Organization / Technology / Going virtual: How Meedan is doing the conference thing online
meedan going-virtual

April is usually a very busy month for Meedan. While our partners work remotely most of the year, conferences are concentrated bursts of productivity for journalists, fact-checkers, and civic tech developers. The emergence of COVID–19, the novel coronavirus, has led to the cancellation of most conferences focusing on Internet freedom, journalism, and technology.

Check, the project we were hoping to present in person, is being used to address everything from health misinformation to political disinformation, on platforms like WhatsApp, Twitter and YouTube. In the midst of our work, we’ve seen a rising trend in COVID-19-related content, and public health and science communication experts have been helping us respond to this pandemic, as fact-checkers use Check to ensure accurate information can be returned to places where rumors and inaccurate health information usually spread.

We don’t want to put our communities at risk, but this year it’s more critical for us to accomplish what we usually do at conferences. While we are disappointed that we won’t be seeing our colleagues in person, there’s an opportunity here. There have always been many reasons to have a virtual conference, but now there are more people and organizations motivated to do something about it - there are entire industries going virtual. At Meedan, we strongly value equity, diversity and inclusion amongst both staff and partners. If we work on this issue during a pandemic, we can make conferences more accessible for everyone as a long term goal too. Participants from emerging economies often have difficulty getting visas to attend conferences. Global climate change has led several people to forgo airplane travel. Parents have to skip conferences when childcare isn’t available. Some disabilities make travel difficult, and the disability activism community has long called for improvements to technology for remote participation.

Remote participation has been used by several conferences to enable attendance for people who cannot travel. While this has been effective for panelists, purely virtual conferences are not widespread, and they lack virtual versions of useful conference activities. Many of the open source tools we use were designed by covering walls in a massive number of sticky notes.

This is an invitation to you all. What do you need from a virtual conference? What do you think of existing solutions? What works for you, and what doesn’t? Do we need to work on something new?

We started with the activities we find useful:

  1. Presenting talks and slides

  2. Presenting product demos

  3. Audience questions

  4. Breakout sessions

  5. One-on-one discussions

  6. Introducing conference participants to each other

  7. Un-conference formats

  8. The equivalents of whiteboards and sticky notes

We came up with some user stories. Many of the virtual conference tools we’ve looked at were designed for big tech companies. Big commercial conferences have massive budgets and lax privacy policies. Our usual conferences have small budgets and high levels of security awareness. For instance, many of us wear lanyards that indicate that we don’t want our photos taken. Here are some of the people we’re thinking of. If we have left something out, let us know!

  1. This participant has a compromised immune system. Any conference involves risk. Disclosing a disability, however, is not always feasible. Because remote participation is not an option at many conferences, they cannot perform their job without traveling. As long as there are ways to watch talks, submit questions, and communicate with other participants, this person’s needs are met.

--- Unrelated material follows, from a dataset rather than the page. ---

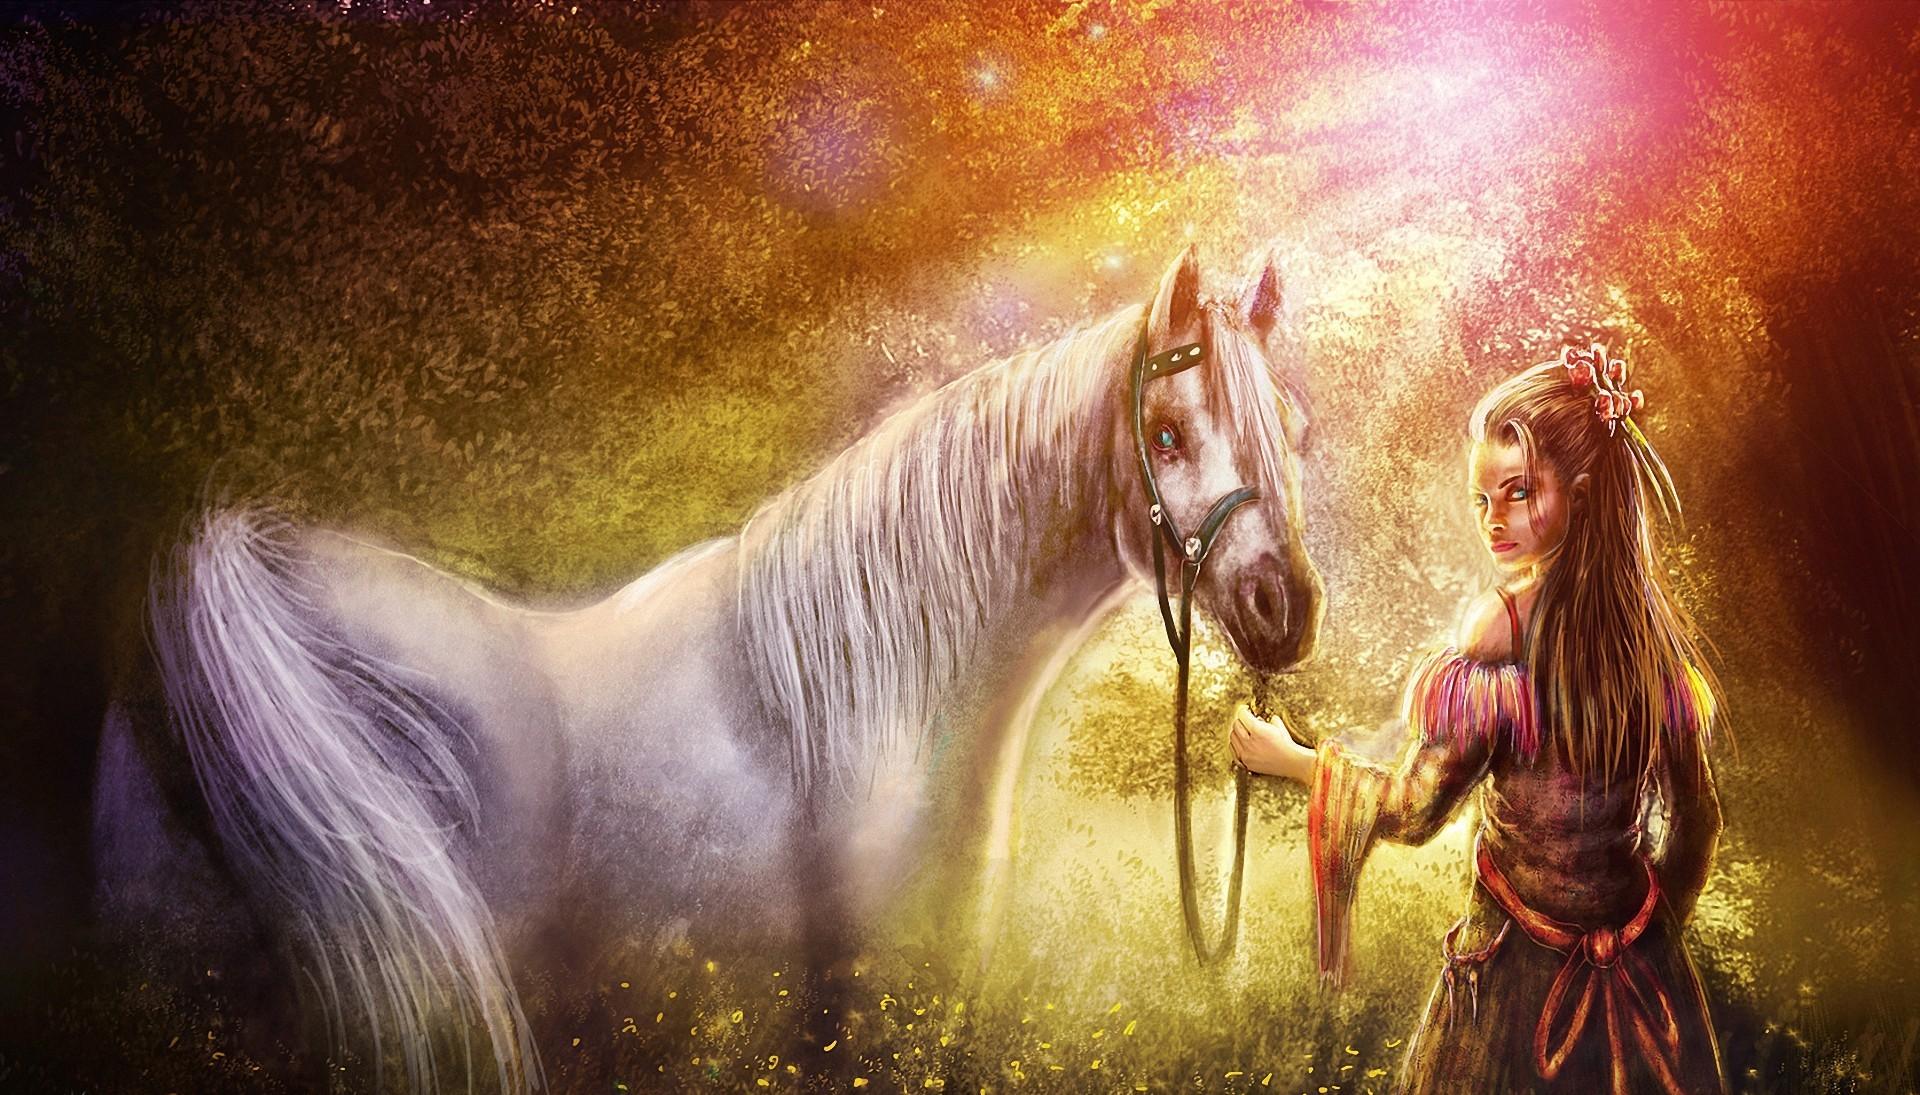 154909 Hintergrundbild herunterladen Fantasie, Natur, Mädchen, Kunst, Wald, Pferd - Bildschirmschoner und Bilder kostenlos

  2. This participant lives in a region or country with limited access to a fast Internet connection. Any virtual conference technology has to take low bandwidth environments into account.

  3. This participant has a passport or legal status that makes it difficult for them to travel. They often get rejected for visas, even when they are a featured speaker at a conference.

  4. This participant lives in a country that censors the Internet and arrests journalists. In order to participate safely, they can only go to conferences with a no photo or video policy, whether this is a blanket ban or attendee preferences can be signaled by the color of their conference lanyard. Any virtual conference technology must allow private access, allowances for pseudonyms, participation without voice or video, and possibly compatibility with censorship circumvention technologies.

  5. This participant is Deaf. Their technology needs may include live captioning, participation by typing, a sign language interpreter, clear video of presenters to enable lip reading, or clear audio from participants depending on their level of hearing and their own accessibility technology.

  6. This participant is blind. Virtual conference software needs to be compatible with screen readers, and presenters should consult with an accessibility coordinator to make any of their presentation materials compatible.

  7. This participant may have problems understanding one or more of the conference languages. They may need live translation, or just subtitles in order to cope with various accents and dialects.

  8. The participant is a caregiver and cannot always log in at the exact time of the presentation. They may need transcription or access to recordings, with the ability to ask questions of the presenter at a later time.

  9. People who need mobility aids face obstacles when traveling. Wheelchair users often get broken chairs back from airlines. When these chairs are custom fit, there are no temporary replacements that can make participating in a conference a pain-free experience. Power wheelchairs are very expensive, so travel can mean gambling with one’s mobility for a long time after a conference.

  10. This participant has modest tech skills and may need help with operating the interface for online meetings. Usability is an access issue.

We’re working with our communities to make lasting change out of this emergency situation. The civic tech community is evaluating software and practices for conferences and hackathons. We’re also expanding our online developer community. Let’s build something together!